# A smart copy button for shell snippets

**Blog:** [vschroeder.blog](https://vschroeder.blog)  
**Author:** Victor Schroeder  
**Published:** 2026-04-06  
**Tags:** [javascript](/tags/javascript.md), [astro](/tags/astro.md), [blog](/tags/blog.md), [meta](/tags/meta.md)

> Building an intelligent copy button that extracts only the commands from shell snippets, handling prompts, continuations, heredocs, and output.

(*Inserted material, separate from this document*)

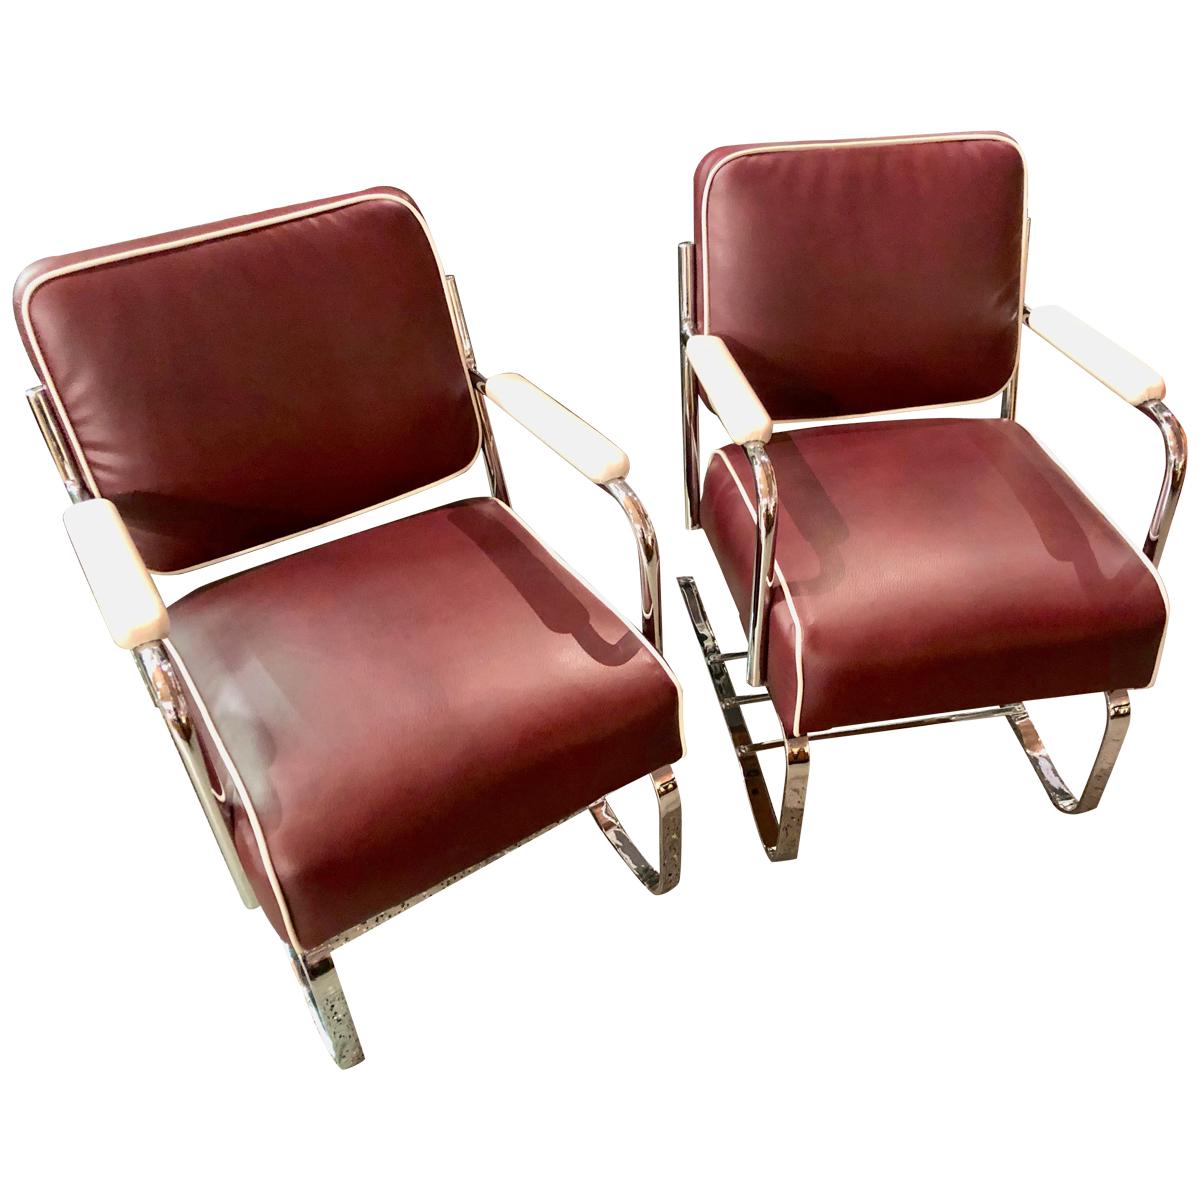 Restored Flexible Metal Two-Tone Art Deco Club Chairs

[View as HTML](/posts/20260406-a-smart-copy-button-for-shell-snippets/)

---

In the [first post](/posts/20260405-building-this-blog/) I showed how posts on
this blog are written in Markdown with fenced code blocks. What I didn't
mention is the small, annoying problem that comes with documenting shell
sessions.

## The problem

When I write a tutorial, I want the reader to see exactly what a terminal
session looks like: the command they type and the output they get back. Like
this:

```shell
$ terraform init
Initializing the backend...
Successfully configured the backend "gcs"!

$ terraform plan
Plan: 5 to add, 0 to change, 0 to destroy.
```

But when someone clicks "Copy" on that block, what should end up in their
clipboard? The raw text includes prompts (`$ `), command output, and sometimes
comments. If you paste the whole thing into a terminal, you get garbage.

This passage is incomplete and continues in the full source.